[RFC] kern/kern_timeout.c rewrite in progress

From: Hans Petter Selasky <hps_at_selasky.org> Date: Mon, 29 Dec 2014 21:03:24 +0100 · This archive was generated by hypermail 2.4.0 : Wed May 19 2021 - 11:40:54 UTC

Hi,

I recently came across a class of errors which lead me into 
investigating the "kern/kern_timeout.c" and its subsystem. From what I 
can see new features like the SMP awareness has been "added" instead of 
fully "integrated". When going into the cornercases I've uncovered that 
the internal callout statemachine can sometimes report wrong values via 
its callout_active() and callout_pending() bits to its clients, which in 
turn can make the clients behave badly. I further did an investigation 
on how the safety of callout migration between CPU's is maintained. When 
I looked into the code and found stuff like "volatile" and "while()" 
loops to figure which CPU a callout belongs I understood that such logic 
completely undermines the cleverness found in the turnstiles of mutexes 
and decided to go through all of the logic inside "kern_timeout.c". Also 
static code analysis is harder when we don't use the basic mutexes and 
condition variables available in the kernel.

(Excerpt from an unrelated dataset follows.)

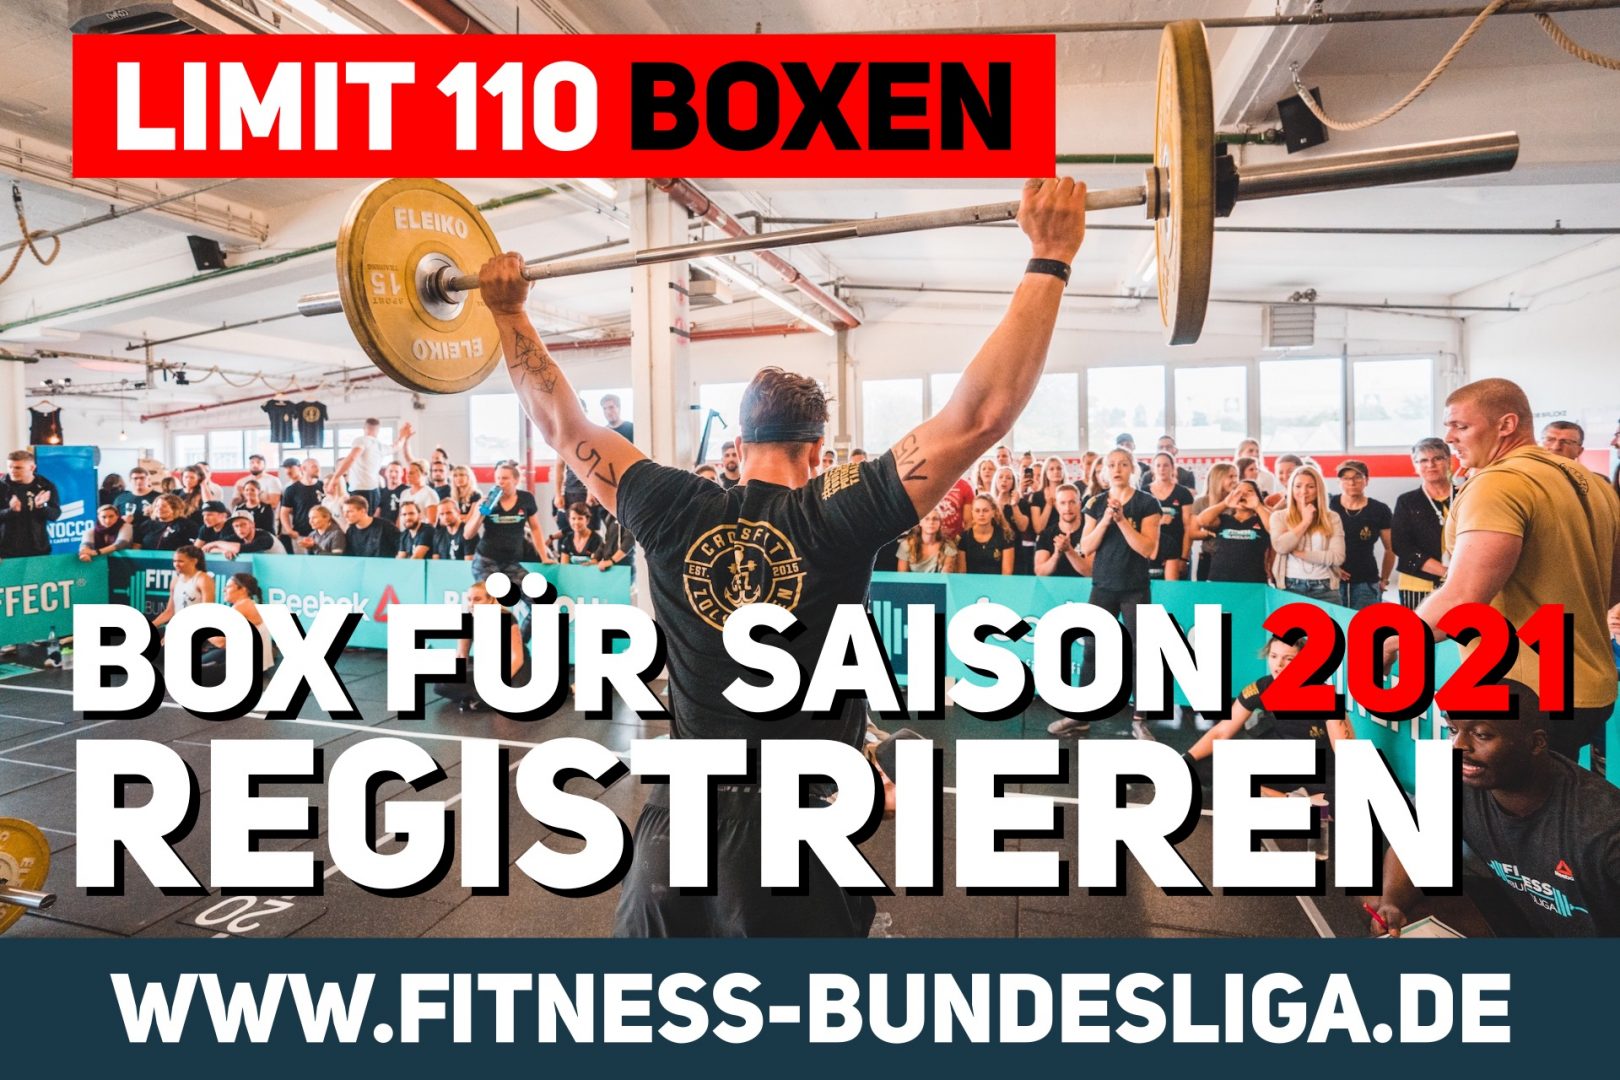 Fitness Bundesliga – Boxen für die Saison 2022/2023 registrieren!

First of all we need to make some driving rules for everyone:

1) A new feature called direct callbacks which execute the timer 
callbacks from the fast interrupt handler was added. All these callbacks 
_must_ be associated with a regular spinlocks, to maintain a safe 
callout_drain(). Else they should only be executed on CPU0.

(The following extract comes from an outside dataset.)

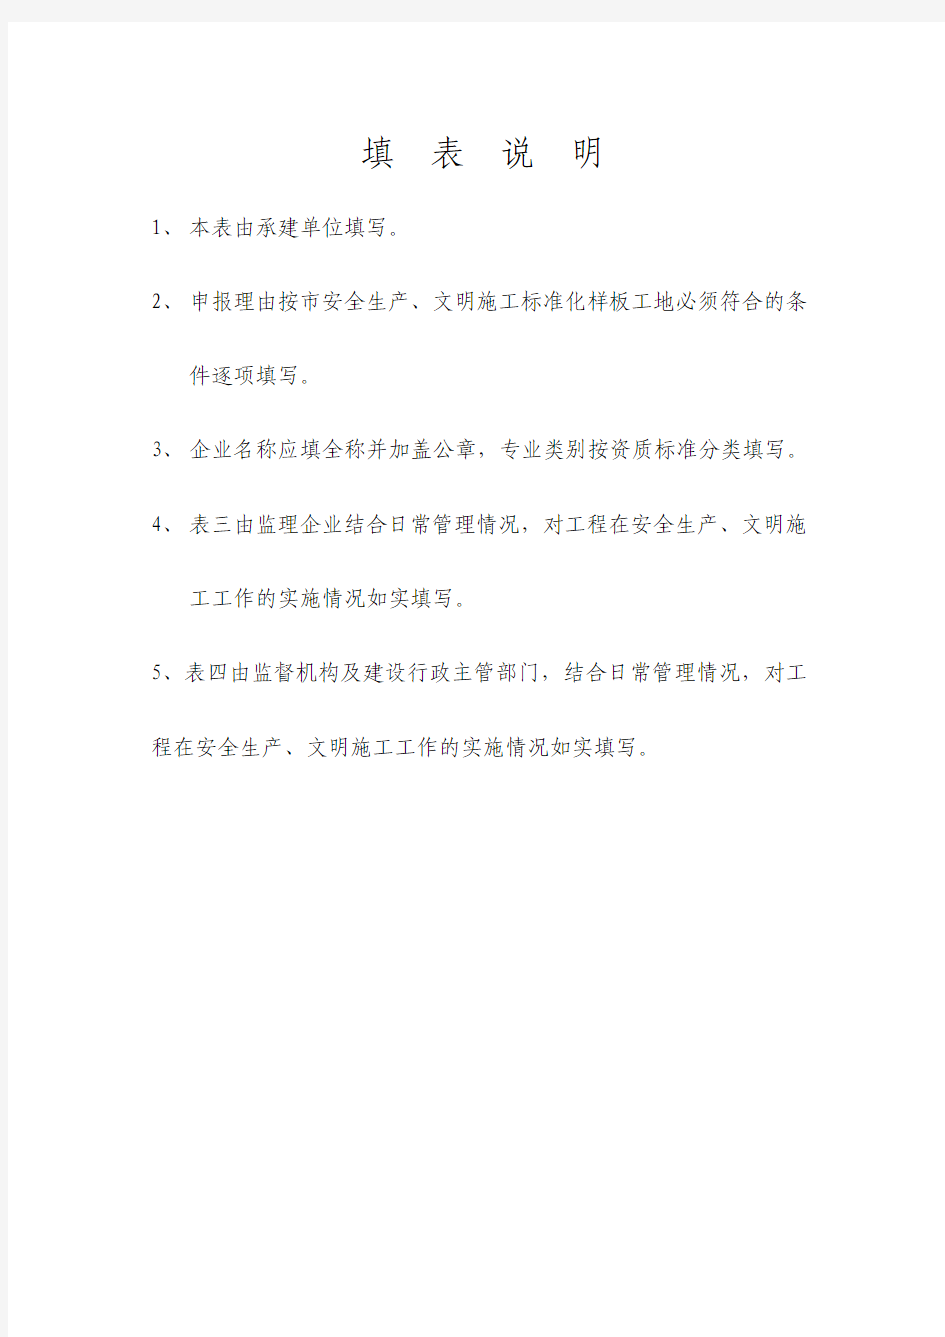 杭州市建设工程安全生产文明施工标准化样板工地申报表

2) All Giant locked callbacks should only execute on CPU0 to avoid 
congestion.

3) Callbacks using read-only locks for its callback should also only 
execute on CPU0 to avoid multiple instances pending for completion on 
multiple CPU's, because read-only locks can be entered multiple times. 
 From what I can see, there are currently no consumers of this feature 
in the kernel.

Secondly, we need a way to drain callbacks asynchronously, for example 
like in the TCP stack. Currently the TCP shutdown sequence for a 
connection looks like this:

...
void
pcb_teardown(pcb)
{
    lock(pcb);
    callout_stop(&pcb->c1);
    callout_stop(&pcb->c2);
    callout_stop(&pcb->c3);
    unlock(pcb);

    free(pcb);
}

I guess some of you see what is wrong: Use after free.

...

With a new function I've added, scenarios like this can be solved more 
elegantly and without having to fear use after free situations!

static void
pcb_callback(void *pcb)
{
   lock(pcb);
   do_free = (--(pcb->refcount) == 0);
   unlock(pcb);
   if (do_free == 0)
	return;
   destroy_mtx(pcb);
   free(pcb);
}

void
pcb_teardown(pcb)
{
    lock(pcb);
    pcb->refcount = 4;
    if (callout_drain_async(&pcb->c1, pcb_callback, pcb) == 0)
	pcb->refcount--;
    if (callout_drain_async(&pcb->c2, pcb_callback, pcb) == 0)
	pcb->refcount--;
    if (callout_drain_async(&pcb->c3, pcb_callback, pcb) == 0)
	pcb->refcount--;
    unlock(pcb);

    pcb_callback(pcb);
}

Please find attached a patch for 11-current as of today. Comments and 
feedback is appreciated.

BTW: Happy New Year everyone!

--HPS